The best design for a k × k table to measure agreement is one where the margins have roughly a proportion of 1/k of the total sample studied; in the 2 × 2 case this means a prevalence of 0.5 for the indication as well as its compliment. Serious deviations from this are known to make the variance for κ unstable and κ misleading for measuring agreement amongst the k levels of the scale. However such evenly distributed margins are unrepresentative of most clinical scenarios, particularly in pediatric emergency medicine where non-serious outcomes often far outnumber serious ones. A disadvantage of the κ statistic is that it results in lower values the further the prevalence of the outcome being studied deviates from 0.5 (Feinstein & Cicchetti, 1990; Gwet, 2008). Scott’s π (subsequently extended by Fleiss) suffers the same limitations (Scott, 1955). This so called ‘κ paradox’ is well described and understood by statisticians. When interpreted by others, however, this property of κ could lead to clinical tools with potentially useful but imperfect reliability being discarded based on a low reported κ value. Consequently κ and Scott’s π risk misinterpretation when one of the categories being rated is much more or less common than the other. Gwet developed an alternative method, the agreement coefficient (AC1) specifically to address this limitation (Gwet, 2008). The AC1 has potential minimum and maximum values of −1 and +1 respectively. The AC1 is more stable than κ although the AC1 may give slightly lower estimates than κ when the prevalence of a classification approaches 0.5 but gives higher values otherwise (Gwet, 2008). The AC1 does not appear widely in the medical literature despite recommendations to use it (McCray, 2013; Wongpakaran et al., 2013). This may be because of two key assumptions; (1) that chance agreement occurs when at least one rater rates at least some individuals randomly and (2) that the portion of the observed ratings subject to randomness is unknown. On the other hand these assumptions may not be stronger than those inherent in Cohen’s κ.
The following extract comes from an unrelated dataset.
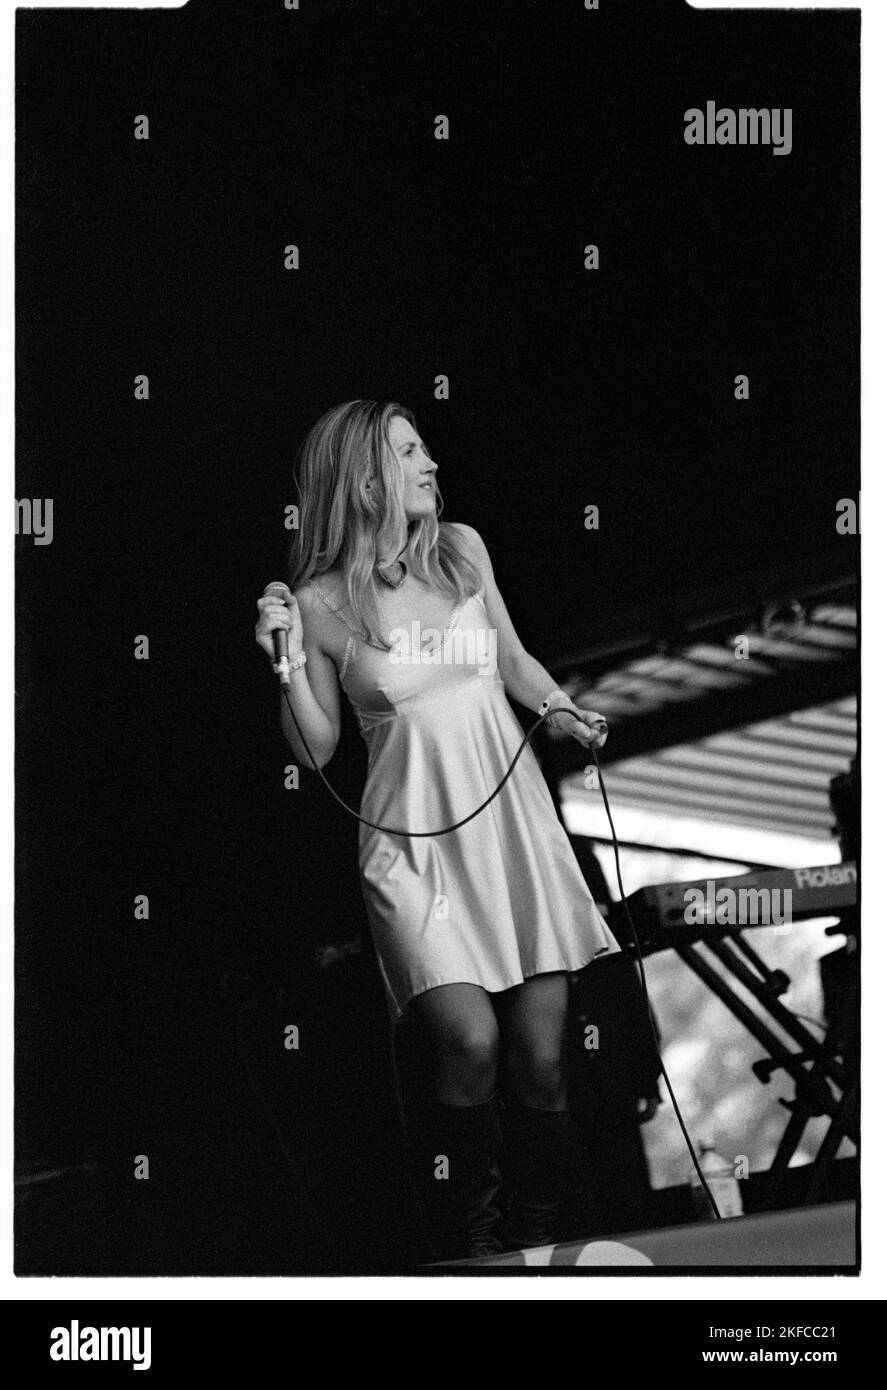 Singer Sarah Cracknell of Saint Etienne on the Pyramid Stage at Glastonbury Festival, Pilton, England, June 26 1994. Photograph: ROB WATKINS Stock Photo

Ordinal agreement can be measured using a weighted κ. The penalty for disagreement is weighted according to the number of categories by which the raters disagree (Cohen, 1968). The results are dependent both on the weighting scheme chosen by the analyst and the relative prevalence of the categories (Gwet, 2008). One commonly recommended weighting scheme reduces the weighted κ to an intra-class correlation (Fleiss & Cohen, 1973). Scott’s π and Gwet’s AC1 can also be weighted. When weighted, Gwet’s AC1 is referred to as AC2 (Gwet, 2012).

Another approach is to regard ordinal categories as bins on a continuous scale. Polychoric correlation estimates the correlation between raters as if they were rating on a continuous scale (Flora & Curran, 2004; Uebersax, 2006). Polychoric correlation is at least in principle insensitive to the number of categories and can even be used where raters use different numbers of categories. The correlation coefficient, −1 to + 1, is interpreted in the usual manner. A disadvantage of polychoric correlation is that it is susceptible to distribution; although some recognize polychoric correlation as a special case of latent trait modeling thereby allowing relaxation of distribution assumptions (Uebersax, 2006). The arguments against using simple correlation as a measure for agreement for continuous variables in particular have been well described (Bland & Altman, 1986).

It is easy to conceive that well appearing infants are more common than ill appearing ones, thereby raising concerns that assumptions of a normal distribution are unlikely to hold. Another coefficient of agreement “A” proposed by van der Eijk was specifically designed for ordinal scales with a relatively small number of categories dealing with abstract concepts. This measure “A” is insensitive to standard deviation. “A” however contemplates large numbers of raters rating a small number of subjects (such as voters rating political parties) (Van der Eijk, 2001).

The decision to use of a single summary statistic to describe agreement is fraught with the risks of imbalance in the categories being rated, different results from different methods and the need to ordain in advance a specific threshold below which the characteristic being classified will be discarded as too unreliable to be useful for decision making.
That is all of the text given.